In [None]:
import numpy as np
import pandas as pd 
import matplotlib.pyplot as plt
import seaborn as sns
sns.set()

### The first step to any kind of exploration and modelling requires us to load the data file into the environment.
### The .read_csv() function helps us.

In [None]:
full_data = pd.read_csv('/kaggle/input/faults.csv')

### Let's Check the dimensions of this data

In [None]:
print(full_data.shape)
print("Number of rows: "+str(full_data.shape[0]))
print("Number of columns: "+str(full_data.shape[1]))

### Let's take a look at the top 5 rows of the data to understand what this file contains.
### The .head() function helps us.

## Exploratory Data Analysis - EDA

In [None]:
full_data.head()

### To understand the data better that we are going to deal with we would like to have a look at the basic numerical stats of the data like the mean, maximum etc. columnwise.
### The .describe() function helps us.

DataFrame.describe() method generates descriptive statistics that summarize the central tendency, dispersion and shape of a dataset’s distribution, excluding NaN values.
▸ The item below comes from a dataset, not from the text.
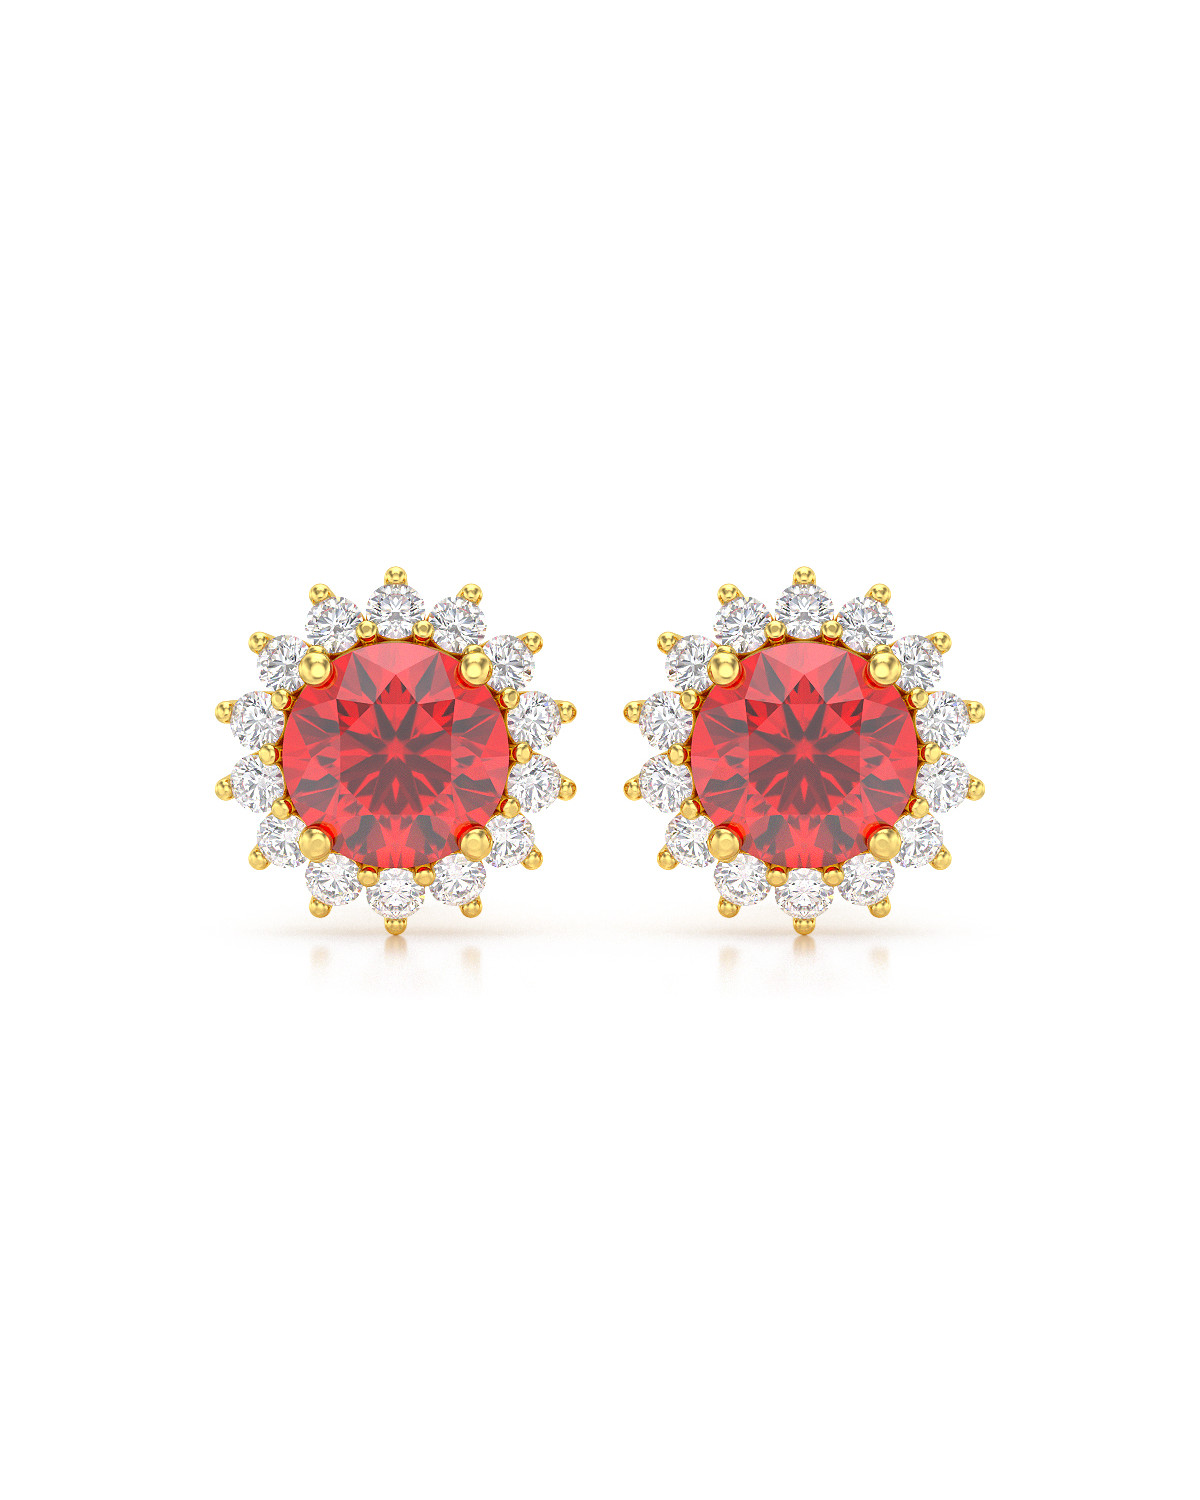 14K Gold Ruby Diamonds Earrings

This method tells us a lot of things about a dataset. One important thing is that the describe() method deals only with numeric values. It doesn't work with any categorical values. So if there are any categorical values in a column the describe() method will ignore it and display summary for the other columns unless parameter include="all" is passed.

Now, let's understand the statistics that are generated by the describe() method:

* count tells us the number of NoN-empty rows in a feature.
* mean tells us the mean value of that feature.
* std tells us the Standard Deviation Value of that feature.
* min tells us the minimum value of that feature.
* 25%, 50%, and 75% are the percentile/quartile of each features. This quartile information helps us to detect Outliers.
* max tells us the maximum value of that feature.

### We can check the name of all columns in the dataset using the .columns property

In [None]:
full_data.columns

In [None]:
full_data.describe().T

### Lets try to understand what this data is all about.  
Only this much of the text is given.